Boris Johnson: It Would be 'Crackers' to Build a Third Runway at Heathrow
Building an airport in the Thames Estuary remains the best solution to meeting increases in air traffic, according to London mayor Boris Johnson.
The mayor rubbished the findings of the Airport Commission led by Sir Howard Davies, which said that increasing capacity at either Heathrow or Gatwick by 2030 was the best option.
"Our contention is that building another runway in the West London suburbs is completely crackers. All it would do of course is simply feed the beast and it will get bigger and bigger," Johnson told the BBC's Today Programme.
"The point about the estuary option is that it does not cost as much as he [Howard Davies] has been saying. We think the transport infrastructure alone comes in at about £20bn and then you have the cost of the airport but we think that is relatively easily financed by international investment," he added.
The commission's proposal at Gatwick is for a new runway to the south of the existing runway. But Johnson said this would not alleviate capacity issues at Heathrow.

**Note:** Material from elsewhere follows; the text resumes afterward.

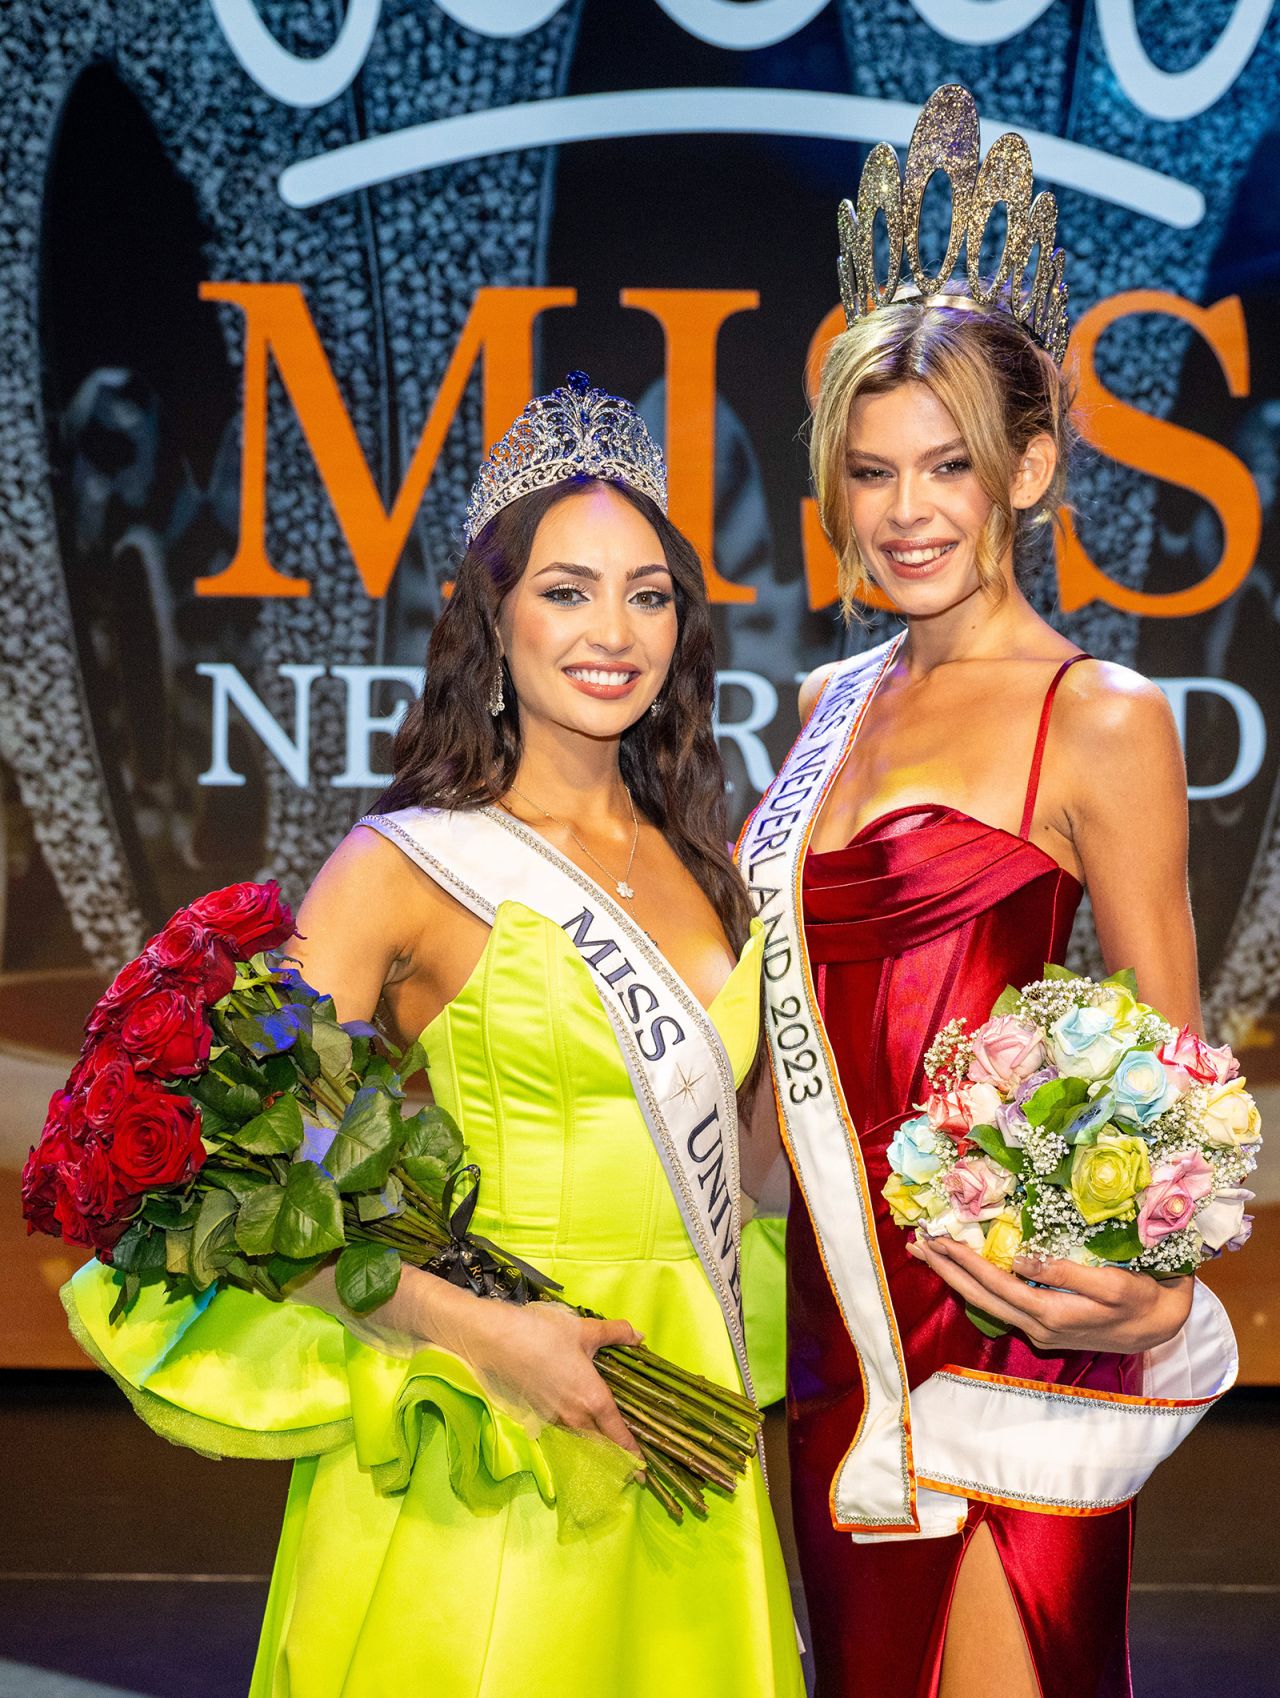 Miss Netherlands challenger leaves a mark on the world as first trans

"Gatwick alone won't do the job. If you have an extra runway at Gatwick that will not make a bean of difference because the airlines will still want to go to Heathrow. The real issue is the capacity crunch at Heathrow and how you deal with that," he said.
At Heathrow there are two options: a new 3,500m runway to the northwest; or extending the existing northern runway to at least 6,000m, which would enable the extended runway to operate as two independent runways.
Johnson said: "What is being proposed at Heathrow is not some oven-ready, easy-peezy scheme. They are talking in both the Heathrow options, about concreting over the M25, probably closing it for over at least five years and doing major realignments of the M4 and of the A113. You are talking about tens of billions.
"My question to you and the world is why entrench a huge planning error and expand Heathrow and consign future generations to misery when we could go for the right option?"
However, Davies championed the findings of the report.
"The UK enjoys excellent connectivity today. The capacity challenge is not yet critical but it will become so if no action is taken soon and our analysis clearly supports the provision of one net additional runway by 2030," said Davies.
The report did not rule out building a brand new airport hub in the Isle of Grain in North Kent, but did not see it as the best available option for the UK.
It will study the option further and report on its inclusion to the existing shortlist in 2014.
Johnson said that he welcomed the news that Davies did not rule out his new airport proposal completely.